Who are the authorities who can order that a business not give employees a paid day off, and what authority did those authorities use?

I assume it was based on a law saying you can't offer someone anything of value as enticement to vote. A paid day off is something of value.

You could give all your employees Election Day as a paid day off, naturally. But a law like that would prohibit you from conditioning it on actually voting. It's a fine distinction, I grant you.

"I assume it was based on a law saying you can't offer someone anything of value as enticement to vote."

Is it illegal in some places to do that, rather than it being illegal to offer someone anything of value as enticement to vote in a specific way?

I'm not disagreeing: I just hadn't realized or been aware of that, if so.
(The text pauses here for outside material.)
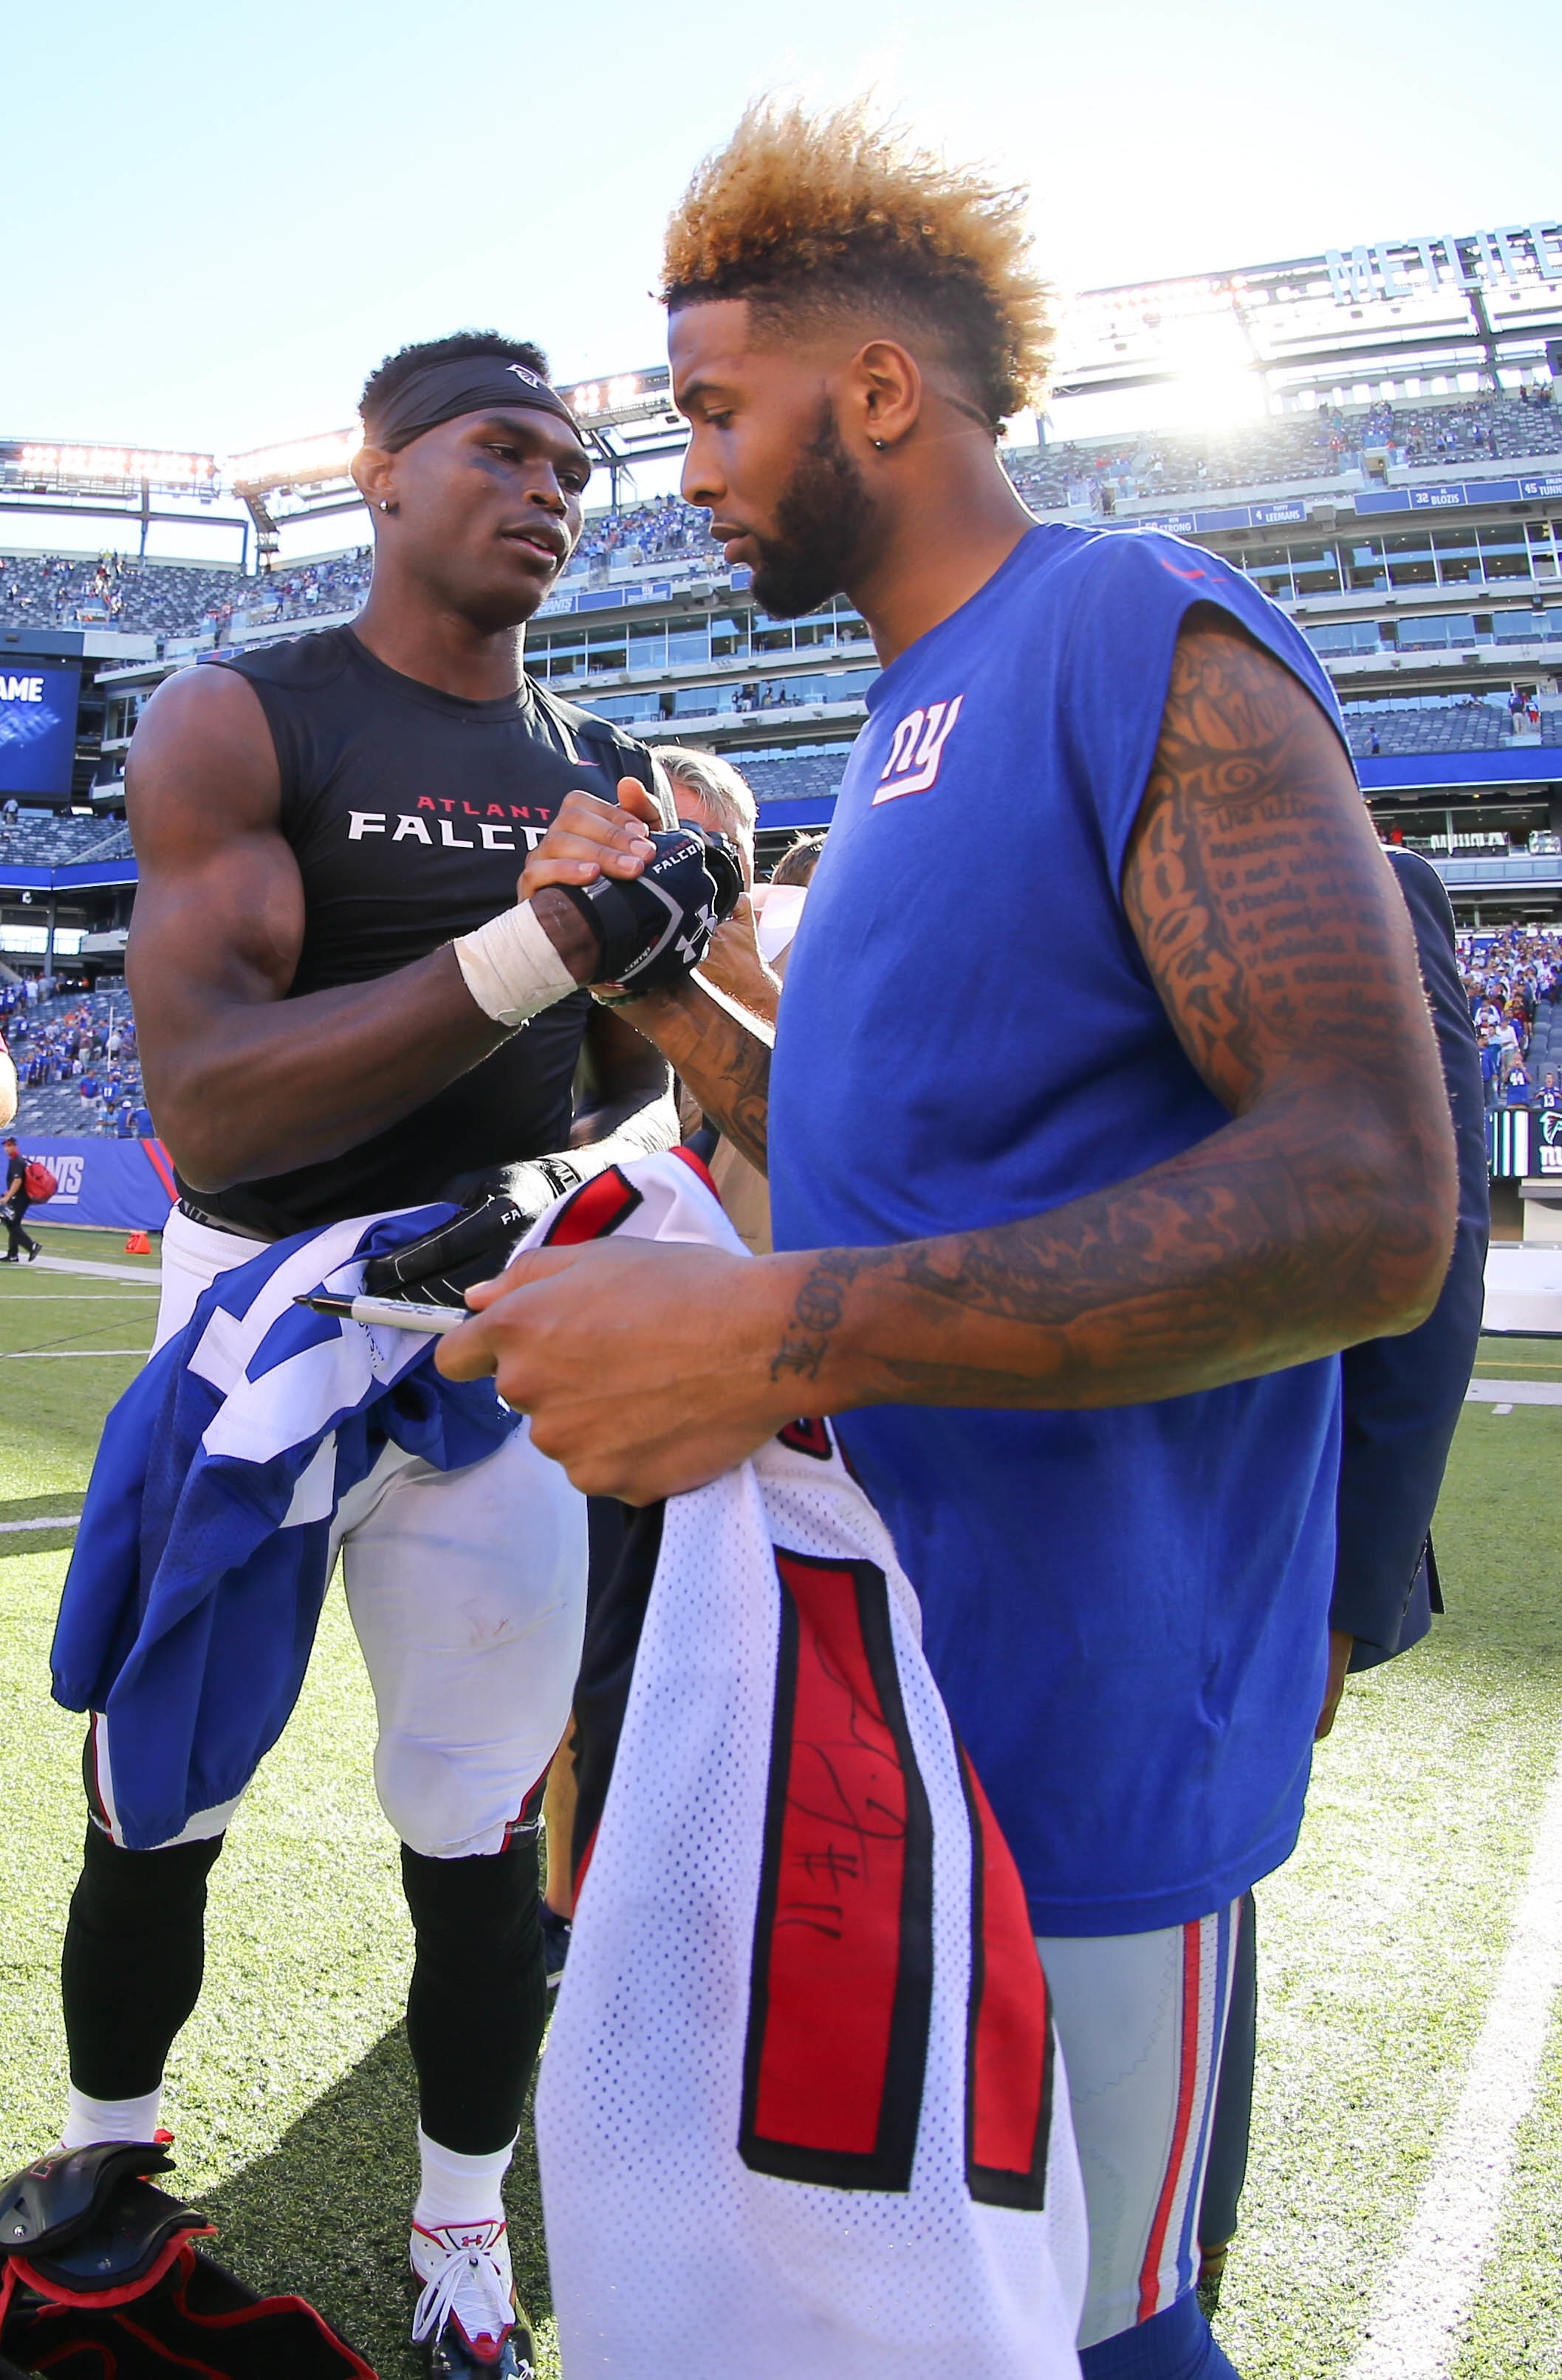 Atlanta Falcons wide receiver Julio Jones and New York Giants wide receiver Odell Beckham Jr. exchange jerseys after their game at MetLife Stadium

Does anyone have a pointer on how widespread such laws are? (Yes, I can google, but I'm feeling lazy, and not to mention crappy, so I'm asking first.)

Sebastian... "I lived out of my car for two months for God's sake."

Was it a Caddy or a Hummer?

Vote for your favorite song

My kid's choir

instead of

cleek doing moody stuff

I'm a balding-headed link ho now, give me some love, or else you will never actually hear Thullen.

Gary: Is it illegal in some places to do that [offer someone anything of value as enticement to vote], rather than it being illegal to offer someone anything of value as enticement to vote in a specific way?

Yes; in Virginia and Iowa at least, and I believe in many places.

The rationale is, I think, that there are many precincts in which an overwhelming majority of the voters vote one way or the other, so that offering an enticement of value has the effect of an enticement to vote in a specific way.

Common Sense, the procedure you describe is cluster sampling. (As you doubtless know.)

Which means I imagine Republicans would have two problems with it:

One: if the objective is to find out if voter fraud is a widespread problem, it would be only sensible to make clear that the data in the survey can't and won't be used to prosecute or investigate any individiduals. (The UK Census has an unbreakable rule that it doesn't share its raw data with anyone, for just that reason.) I can see Republican politicians calling it an "investigation into voter fraud" rather than "a survey of voting patterns" and then complaining that the people carrying it out were "shielding criminals".

Two: Many conservatives appear to have locked themselves into the belief that cluster sampling is not an effective scientific method of getting data, because if they did believe it, they'd have to believe that around 700 000 people in Iraq have been killed as a result of the US invasion/occupation, and they don't want to. (For all I know, this will be a short-lived rejection, but where it exists, it seems to be absolute.)

"Sebastian... "I lived out of my car for two months for God's sake."

Was it a Caddy or a Hummer?"

It was a VW Rabbit, thanks for wondering.

Sebastian... "I lived out of my car for two months for God's sake."
Was it a Caddy or a Hummer?

Wow, was that spectacularly crass. Sorry about that, Sebastian.